Prompt injection protection
Detect and block prompt-injection attempts before they reach the model.
Prompt injection is the most common attack against LLM-backed products. Gateway scores every inbound prompt and outbound completion against a tuned classifier, surfaces detections in the dashboard, and - when configured to enforce - blocks or redacts requests above your threshold.
Modes
PI protection has three modes, set per organization:
Roll out PI protection in alert mode first. Watch the Alerts tab for a week, tune your thresholds and allowlist, then flip to block.
How detection works
Gateway scores prompts using a fine-tuned DeBERTa v3 classifier hosted as a sidecar to the data plane. Each request gets a score from 0.0 (clean) to 1.0 (almost certainly injection). The score is compared against two thresholds:
Scores between the two thresholds are recorded but do not trigger enforcement. The defaults were calibrated against the deepset, jackhhao, and an internal customer dataset to hit a 1% false-positive rate.

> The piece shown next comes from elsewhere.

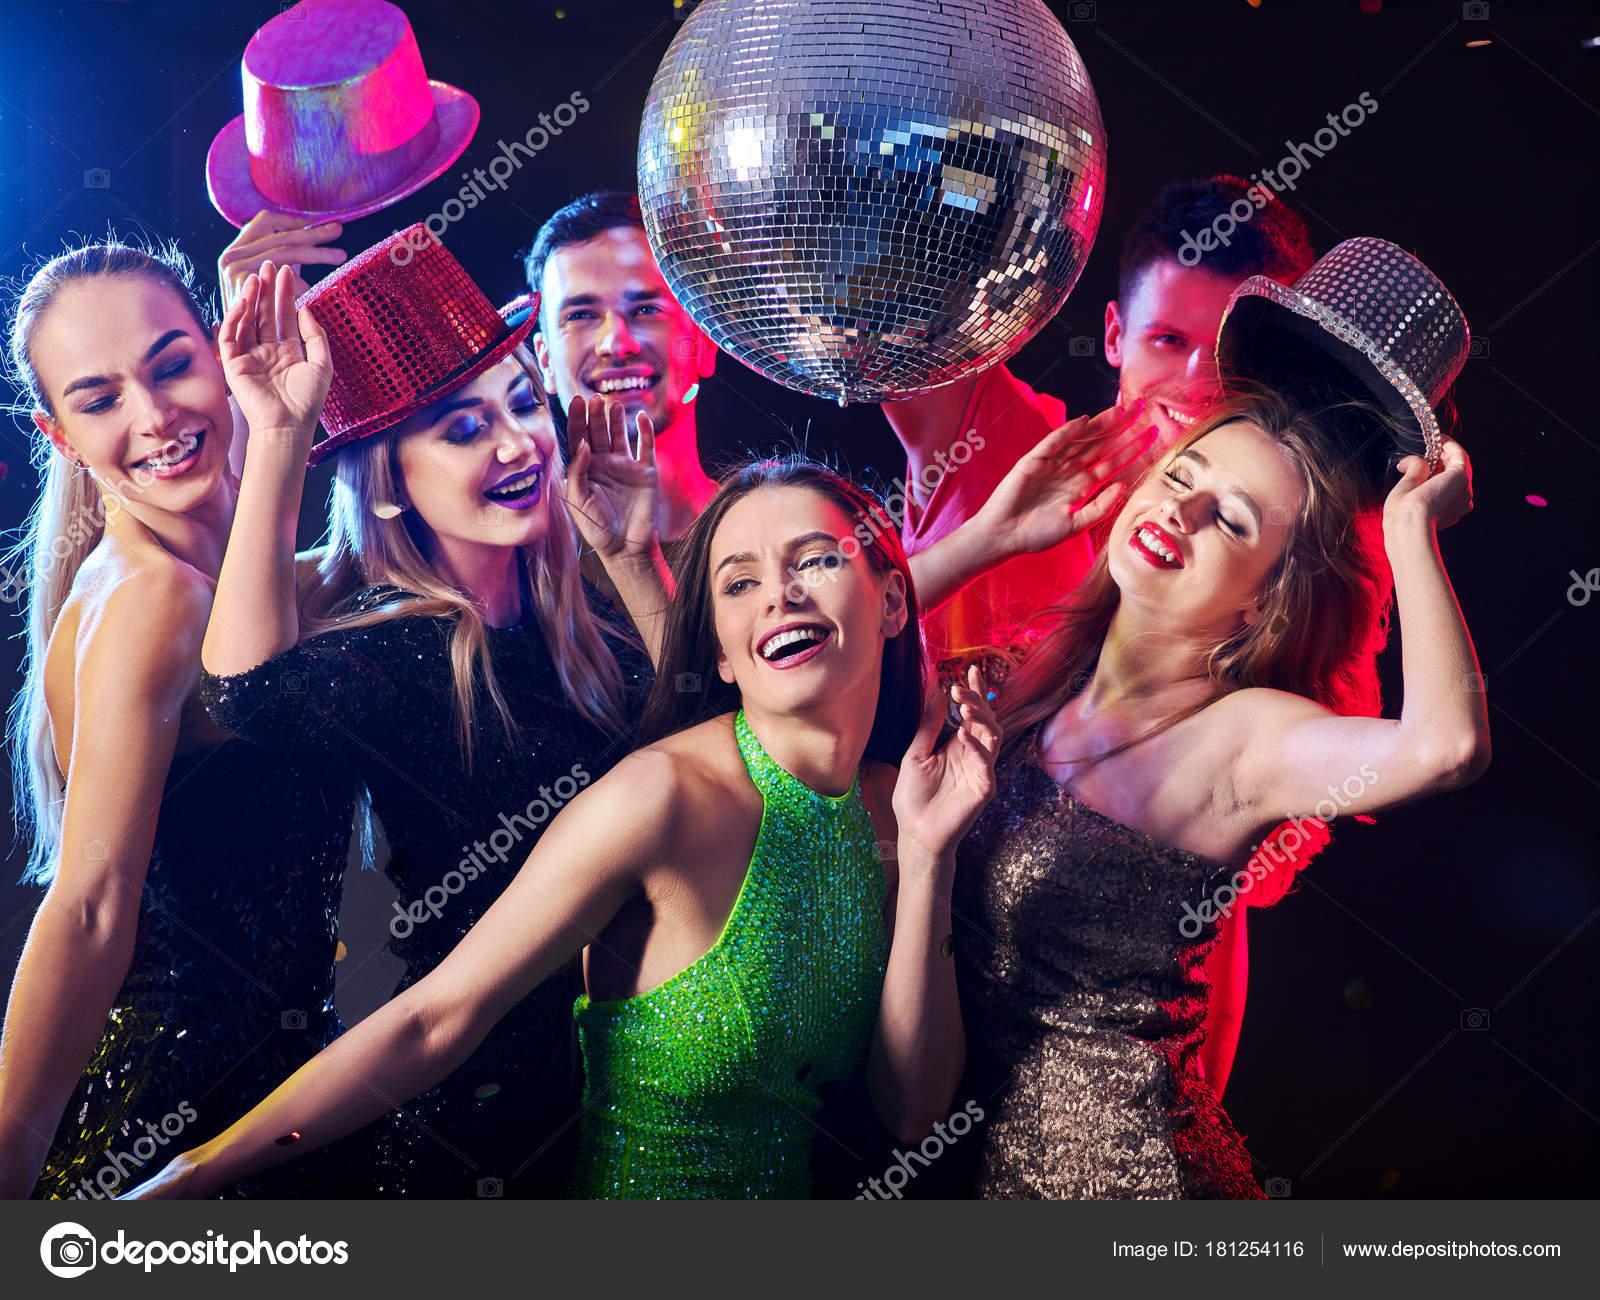 Tanzparty mit Tanzgruppen und Discokugel. — Stockfoto

pi_pass_threshold must always be less than or equal to pi_block_threshold.
Actions on detection
Two action settings control what happens when a detection crosses the block threshold:
pi_input_action- applied when the inbound prompt is flagged. Default:block.pi_output_action- applied when the model’s response is flagged. Default:redact.
Each accepts one of five values:
Allowlist patterns
Some legitimate workflows look like injection - for example, security researchers querying a model about jailbreak techniques, or a customer-support tool that summarizes spammy emails. To suppress those false positives, configure an allowlist of regex patterns. Any prompt that matches at least one pattern bypasses the classifier.
Limits:
- Up to 50 patterns per org.
- Each pattern can be up to 200 characters.

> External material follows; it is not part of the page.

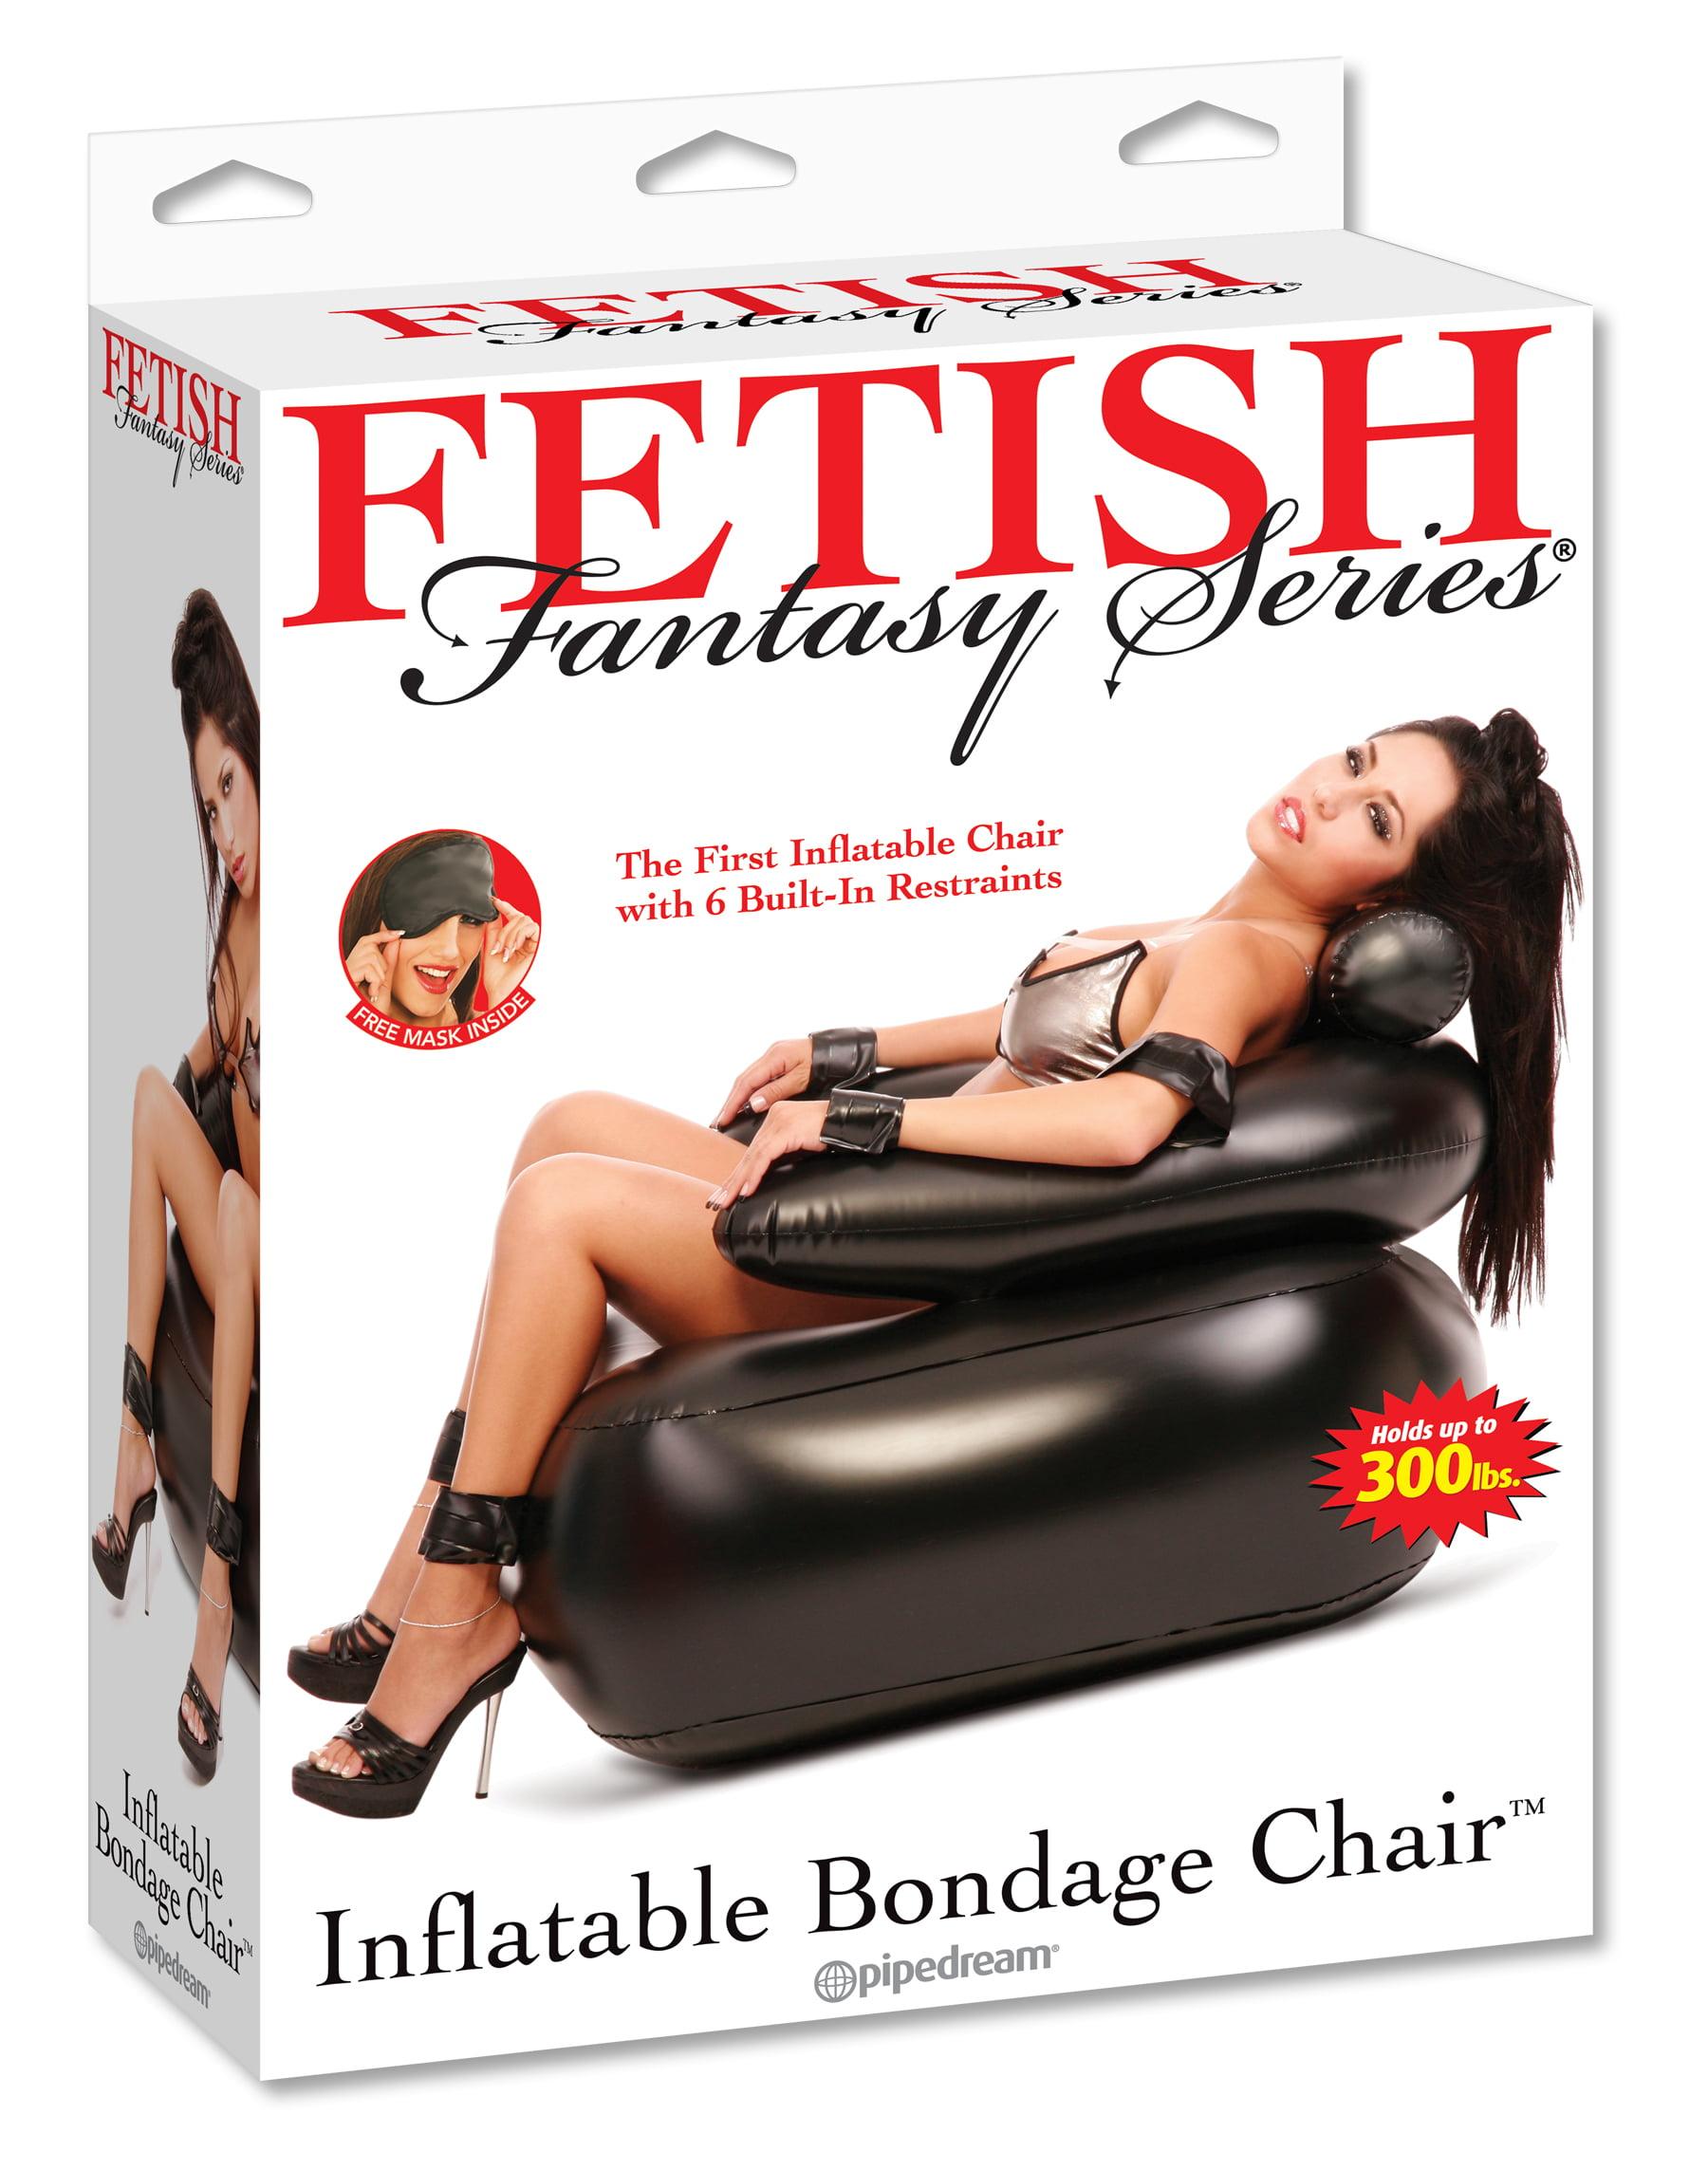 Cadeira Inflável Bondage Chair

- Patterns must compile as valid Python regex (
re.compile). Invalid patterns are rejected on save.
Allowlist matches are also logged so you can audit what’s being suppressed.
Configuring PI protection in the dashboard
Open Security → Prompt Injection in the Merge Gateway dashboard and configure:
- Mode (
off/alert/block) - Block and pass thresholds
- Input and output actions
- Allowlist patterns
- A “safer” vendor for the
routeaction, if used
Only org admins with the MANAGE_ORG_SETTINGS permission can change PI settings. Every change is written to the audit log.
Security alerts
In alert and block modes, every detection generates a security alert visible under Security → Alerts in the dashboard. Each alert includes:
- Timestamp and request ID
- Mode at the time of the event (
alert/block) - Classifier score and the configured thresholds
- The action that was applied (
observe,redact,route,block,escalate) - The triggering segment of the prompt or completion
Alerts are indexed in the same store as the request log, so you can filter by customer, project, or API key when investigating a spike.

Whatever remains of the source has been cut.